I have known Linda for about seven years now, treating her for Hashimotos’ thyroid disease. Linda has other problems. She takes daily acyclovir for recurrent attacks of oral-facial herpes simplex which can be quite debilitating. Recently, we were chatting and Linda brought up the idea of Shingles vaccination to prevent the oral-facial herpes attacks.
I immediately volunteered my opinion that this is a bad idea. This is a Chickenpox vaccine, not a herpes simplex vaccine. How do we know it would work? The shingles vaccine is a live attenuated chicken pox (varicells) virus cultured on aborted human fetal cells. (MRC5 line), so the vaccine contains human DNA fragments.
Information about the Shingles Vaccine:
“The live virus shingles vaccine is actually a very strong booster dose of the Varicella Zoster (chickenpox) vaccine. Zostavax vaccine for shingles and Varivax vaccine for chickenpox are both manufactured by Merck and are the only licensed vaccines to prevent chickenpox and shingles in the U.S.”

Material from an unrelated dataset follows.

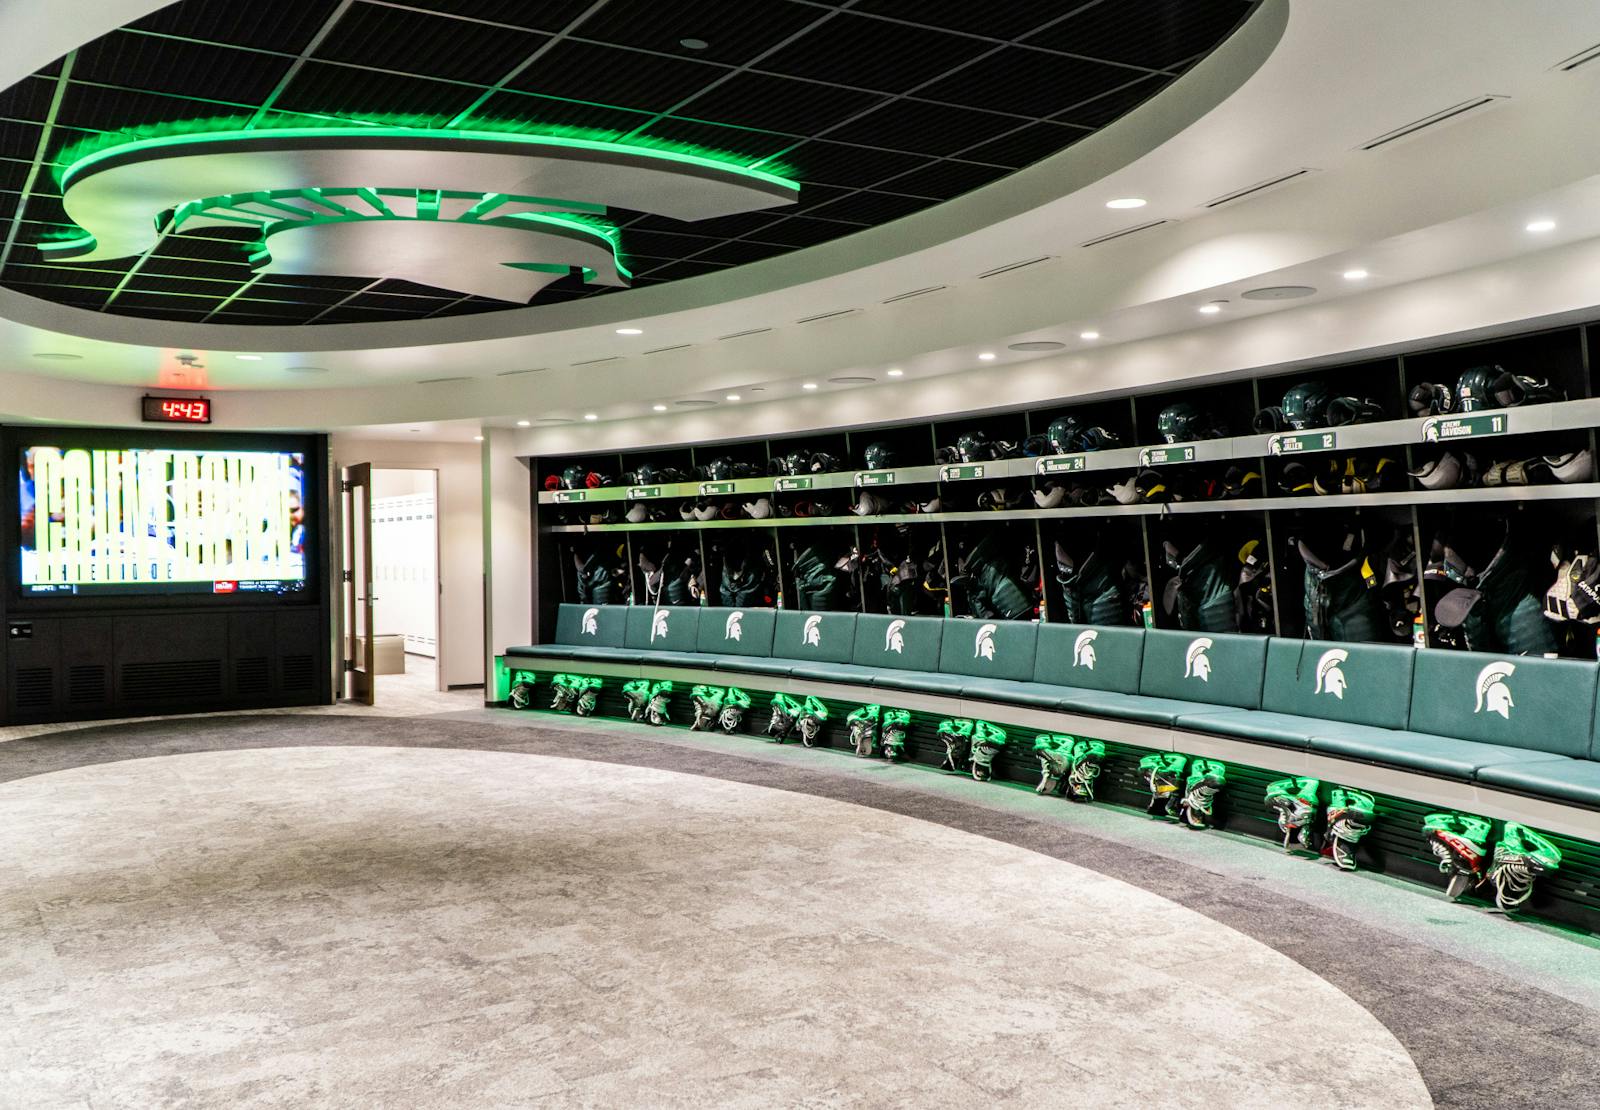 NHL - Big question - Which arena has the best dressing room for

In the Zostavax product information insert, Merck describes the ingredients of shingles vaccine:
“ZOSTAVAX is a lyophilized preparation of the Oka/Merck strain of live, attenuated varicella-zoster virus (VZV). ZOSTAVAX, when reconstituted as directed, is a sterile suspension for subcutaneous administration. Each 0.65-mL dose contains a minimum of 19,400 PFU (plaque-forming units) of Oka/Merck strain of VZV when reconstituted and stored at room temperature for up to 30 minutes. Each dose contains 31.16 mg of sucrose, 15.58 mg of hydrolyzed porcine gelatin, 3.99 mg of sodium chloride, 0.62 mg of monosodium L-glutamate, 0.57 mg of sodium phosphate dibasic, 0.10 mg of potassium phosphate monobasic, 0.10 mg of potassium chloride; residual components of MRC-5 cells including DNA and protein; and trace quantities of neomycin and bovine calf serum. The product contains no preservatives.”
Serious Adverse Events
“By August 2011, the federal Vaccine Adverse Event Reporting System (VAERS) had received 442 serious vaccine adverse reports following Zostavax vaccination, including 36 reported deaths . Serious shingles vaccine reaction symptoms reported to VAERS include rash, joint pain (arthralgia), muscle pain (myalgia), fever, abnormally swollen glands (lymphadenopathy) and hypersensitivity reactions including anaphylaxis (shock).”(reference)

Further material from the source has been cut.